Problem.
Make an exact copy, from the records below, of the lines from the line containing "URBANIC Gold-Toned Floral" to the line containing "View from Floral", both lines included, excluding pictures.

Dataset records.

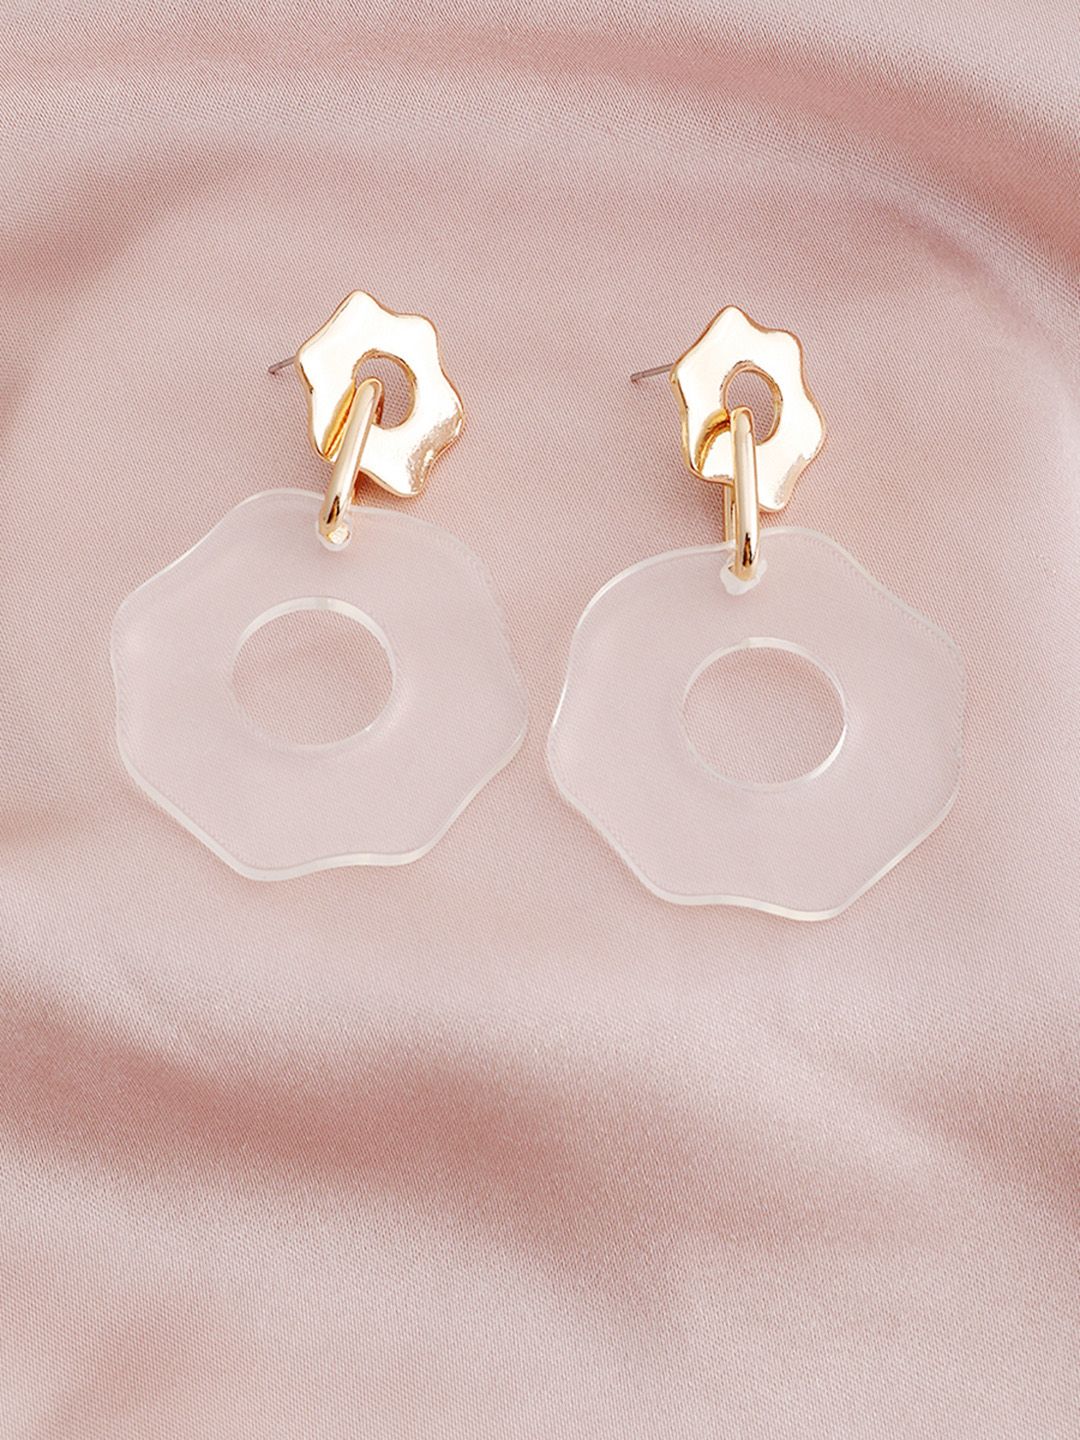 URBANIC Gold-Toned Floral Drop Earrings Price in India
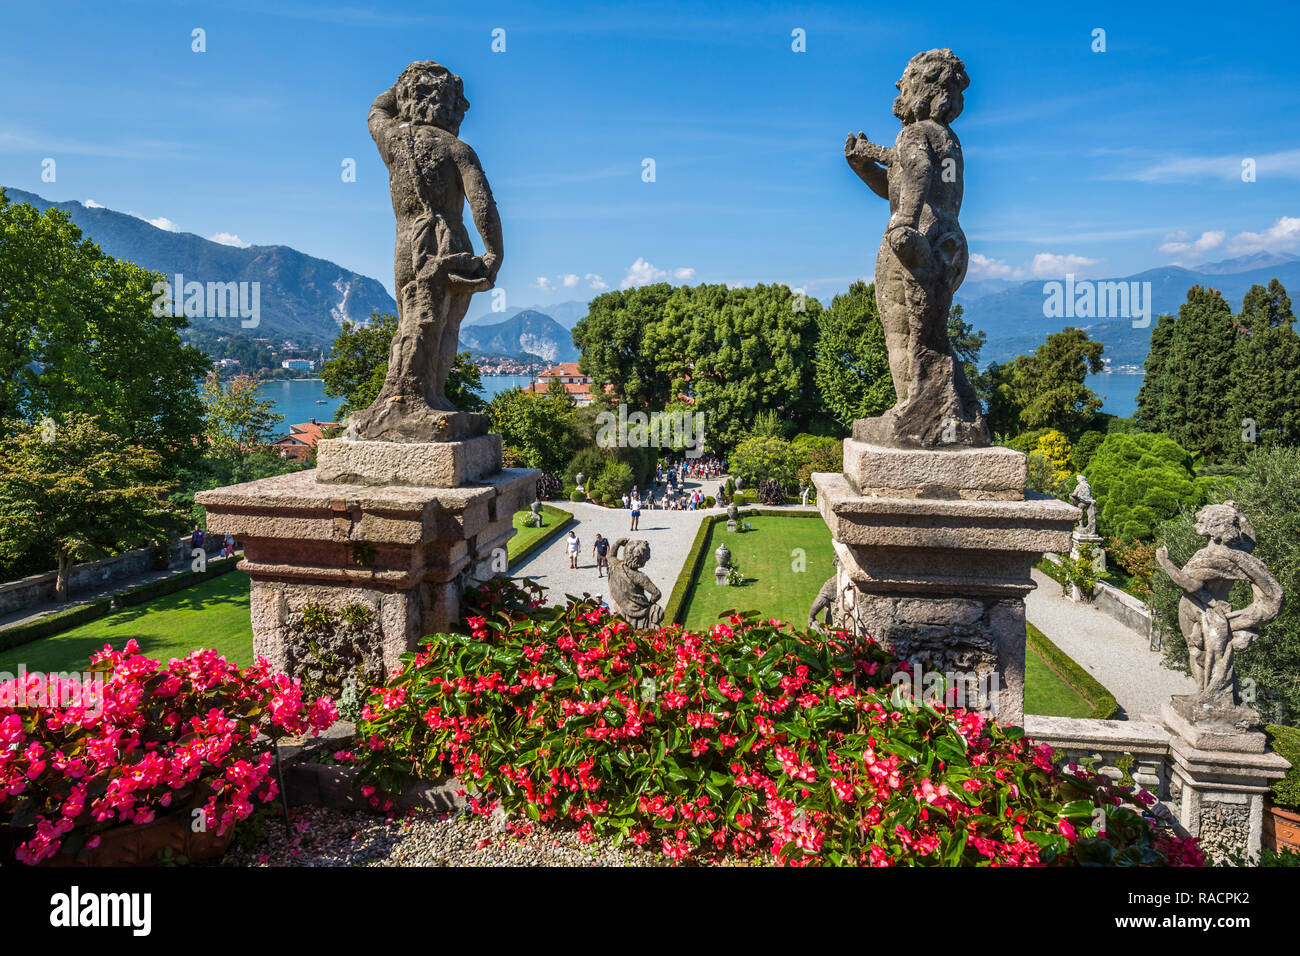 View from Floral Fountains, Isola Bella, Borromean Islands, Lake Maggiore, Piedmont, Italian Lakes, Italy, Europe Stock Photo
* * *
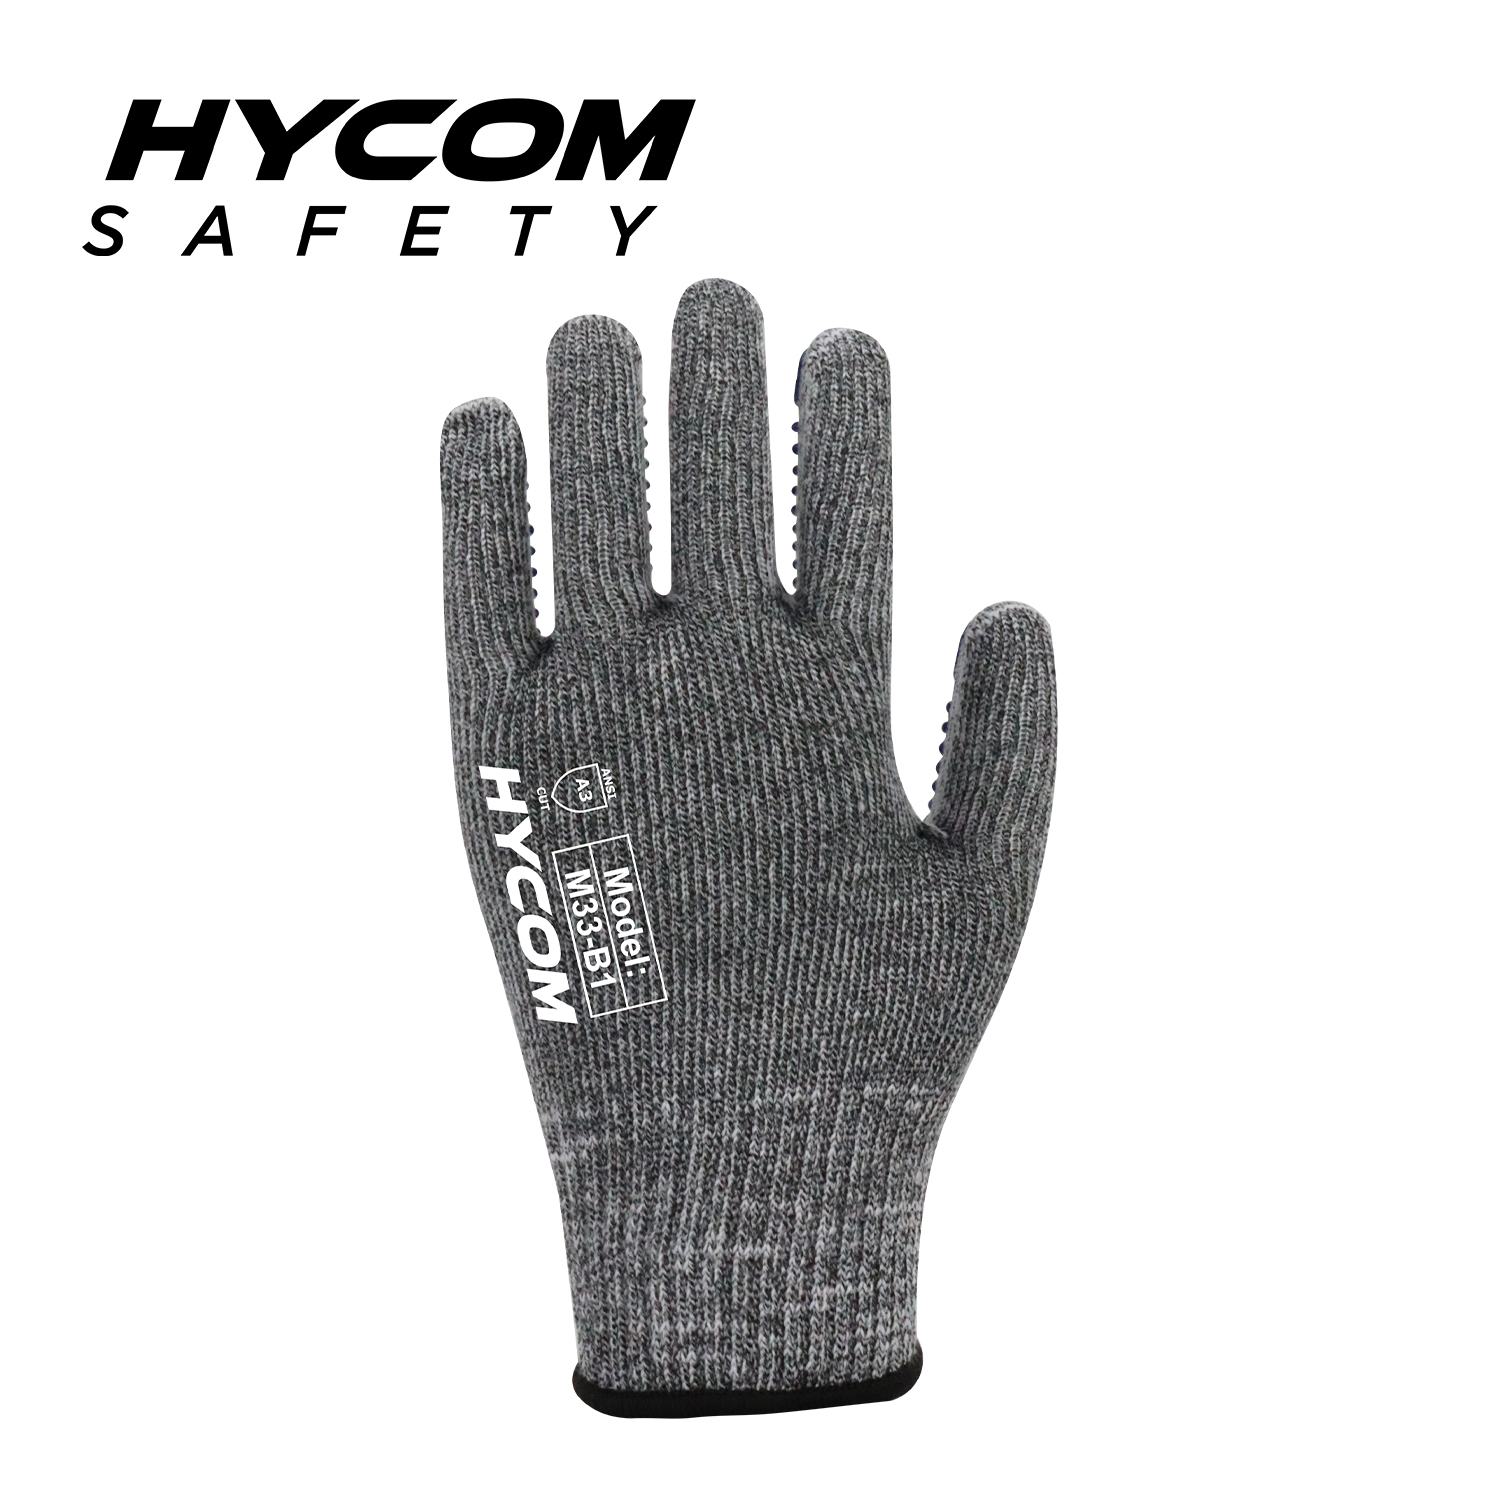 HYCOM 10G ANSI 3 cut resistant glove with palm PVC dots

Finished task.
 URBANIC Gold-Toned Floral Drop Earrings Price in India
 View from Floral Fountains, Isola Bella, Borromean Islands, Lake Maggiore, Piedmont, Italian Lakes, Italy, Europe Stock Photo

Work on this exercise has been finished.